What is important here is the moment of coordinating the human will with the will of God. Desires often come from the fallen part of the human soul. Thus, hesychia or silence - in unceasing prayer, in a constant volitional effort of turning thoughts and the will to contemplate God, the Son of God revealed to us, is a necessary purifying practice for communion with God and knowledge of God. Creations of St. Gregory Palamas is a special kind of experienced theology, confirmed by personal experience.

Author: Ksenia Filina

The path to monasticism

Saint Gregory Palamas came from a famous aristocratic family (at the end of the 12th century the saint's ancestors moved to Constantinople from the territory of Asia Minor). The approximate date of his birth is considered to be 1296.

Gregory's father, Constantine Palamas, an influential senator, was one of the nobility close to the imperial court. On his deathbed, having repented of his sins, he took monastic vows. After his death in 1301, the reigning emperor, Andronikos II, took his son, Gregory Palamas, under his personal guardianship and protection.

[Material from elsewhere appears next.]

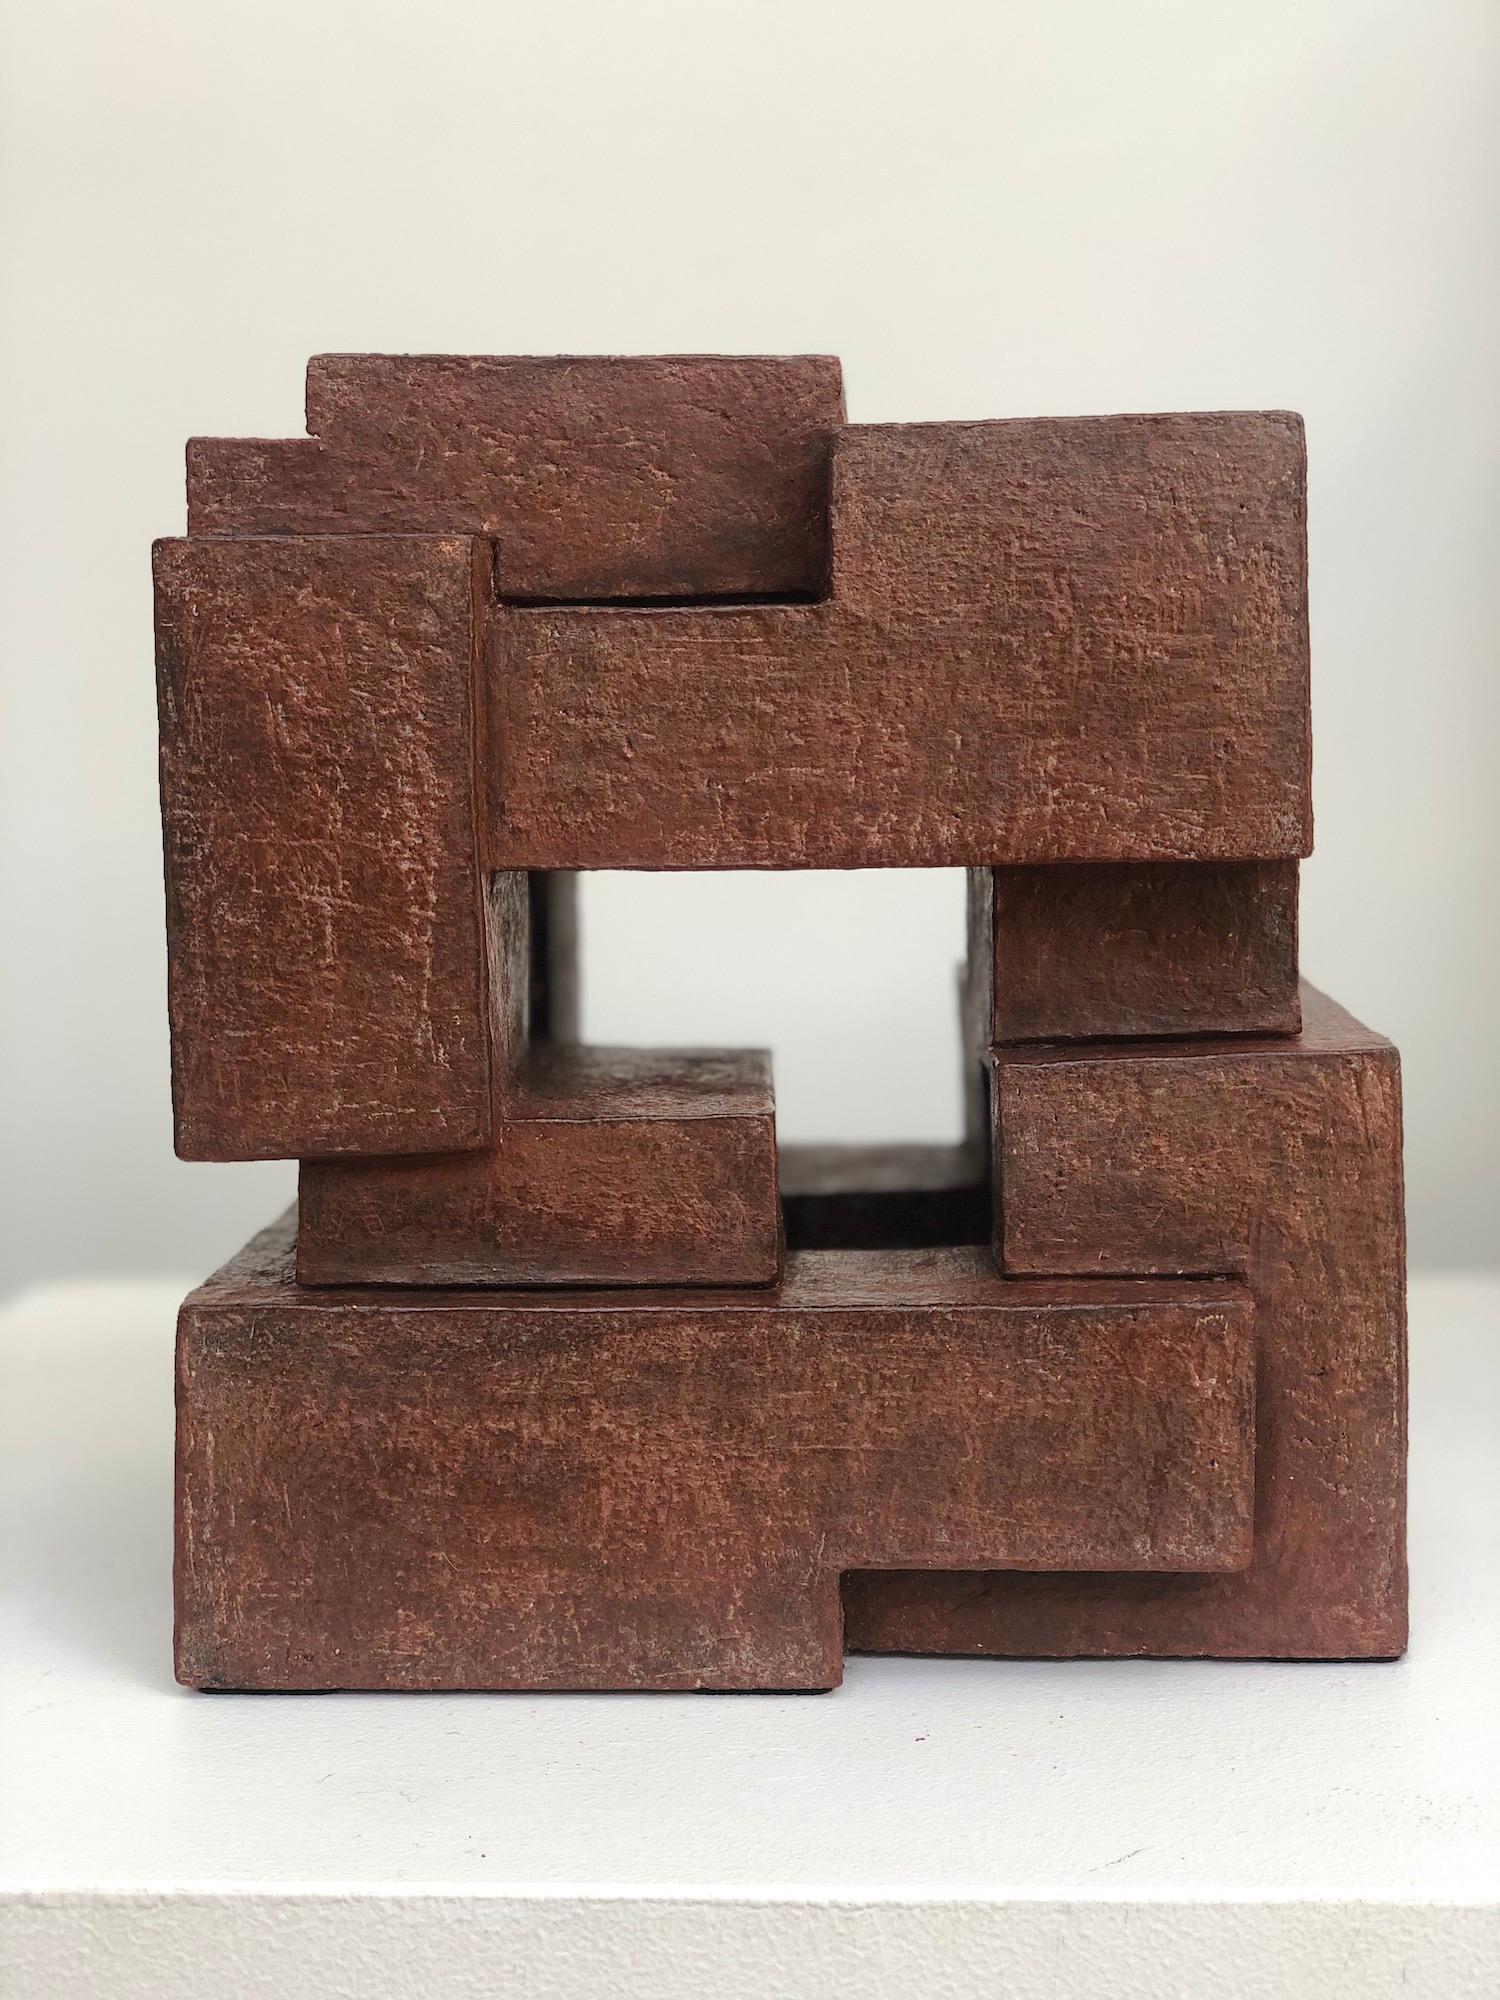 Block VIII est une sculpture unique en terre cuite de l'artiste contemporaine Delphine Brabant, dont les dimensions sont de 23 cm × 20 cm × 16 cm (9.1 × 7.9 × 6.3 in). La sculpture est signée et accompagnée d'un certificat d'authenticité.

En

During that period of time, friendly relations began between the orphaned Gregory and Andronikos III, the future emperor, as close as the rules of subordination allowed. Subsequently, Andronik repeatedly provided him with help and assistance.

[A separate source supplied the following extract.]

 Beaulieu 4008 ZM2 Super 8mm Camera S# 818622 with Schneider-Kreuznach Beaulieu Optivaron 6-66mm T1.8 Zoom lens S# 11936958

According to his social status, Gregory received an excellent education. Having the opportunity to study at the Imperial University, he mastered such disciplines as grammar, rhetoric, physics, and logic. Considering the position in society in which Gregory was located, an enviable career could have opened up before him, but he preferred spiritual life to secular well-being.

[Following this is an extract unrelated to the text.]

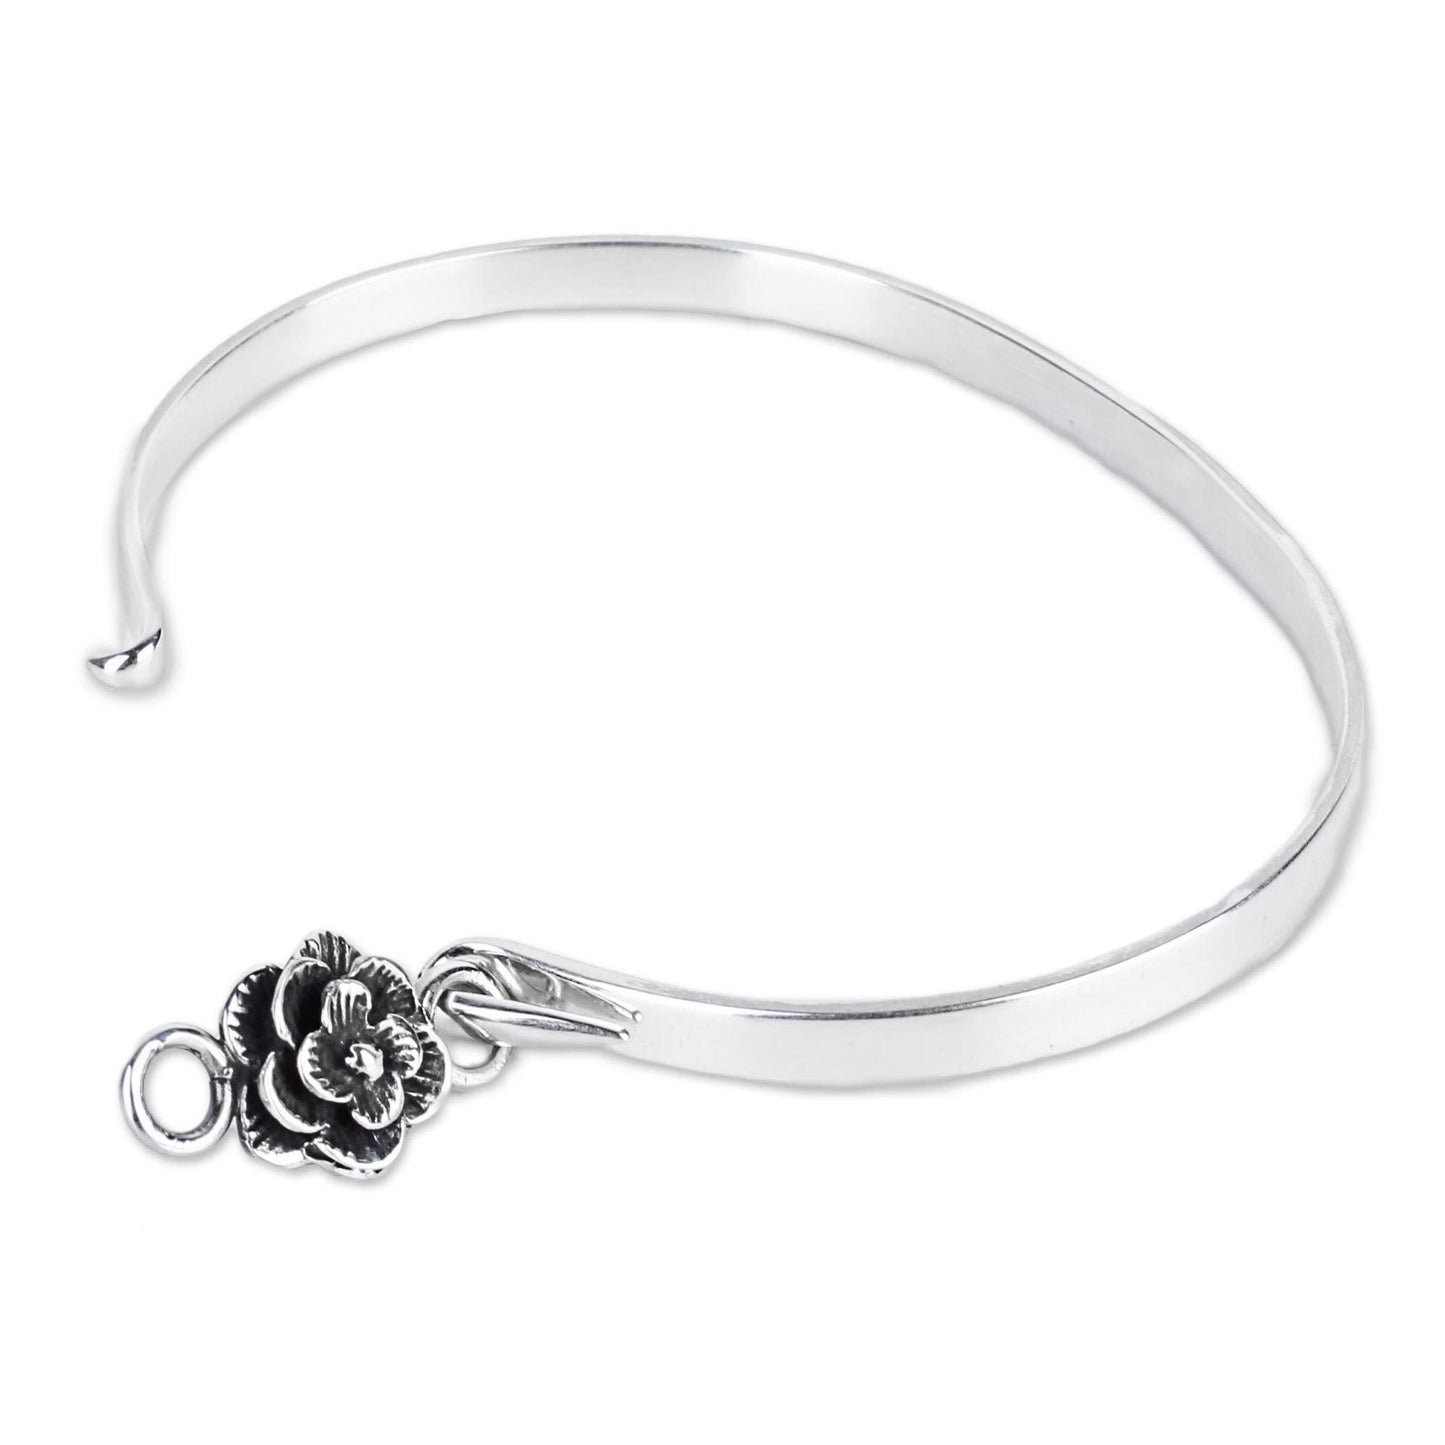 Rose Beauty Sterling Silver Bangle Bracelet

It is difficult to say when exactly he began to think seriously about monasticism. It is only known that during his studies he had contact with Svyatogorsk monks. This communication affected him in the most positive way: he changed his attitude towards life and rebuilt his behavior pattern.

Quotes

“Just as the separation of the soul from the body is the death of the body, so the separation of God from the soul is the death of the soul. And this is mainly death, the death of the soul. God pointed to it, and when, giving the commandment in paradise, he said to Adam: “On the day you eat from the forbidden tree, you will die” (Genesis 2:17). For then his soul died, having been separated from God through a crime; in body he continued to live from that hour onwards until he was nine hundred and thirty years old.”

“The Apostle Paul said well that “the sorrow of this world makes death” (2 Cor. 7:10). For if the true life of the soul is the divine light that comes from crying for God, as said above in the words of the fathers, then the death of the soul will be the evil darkness that comes upon the soul from the sadness of this world.”

“This is why God created this life for us, to give room for repentance. If this had not happened, then the person who sinned would immediately lose this life. ... Since the time of life is thus the time of repentance, then the very fact that the sinner is still alive serves for him, if he wishes to turn to God, as a guarantee that he will be mercifully accepted by Him. For in real life, autocracy is always in force...everyone always has the opportunity, if they want, to acquire eternal life.”

“Who will not confess grace and give thanks to the Deliverer from death and the Giver of life? – And He also promises to give a reward and an inexpressible reward. “I am”, he says, “I am dead, but I have stomach, and I have more to spare” (John 10:10). What's more? Not only to abide and live by His power, but also to be His brothers and joint heirs. This superfluity is a reward given to those who flow to the life-giving vine and are born on it, who work on themselves and cultivate themselves.”

“After the resurrection of the soul, which is its return to God through the fulfillment of the Divine commandments, the resurrection of the body will follow when it is again united with the soul; This resurrection will be followed by true immortality and co-eternity with God.”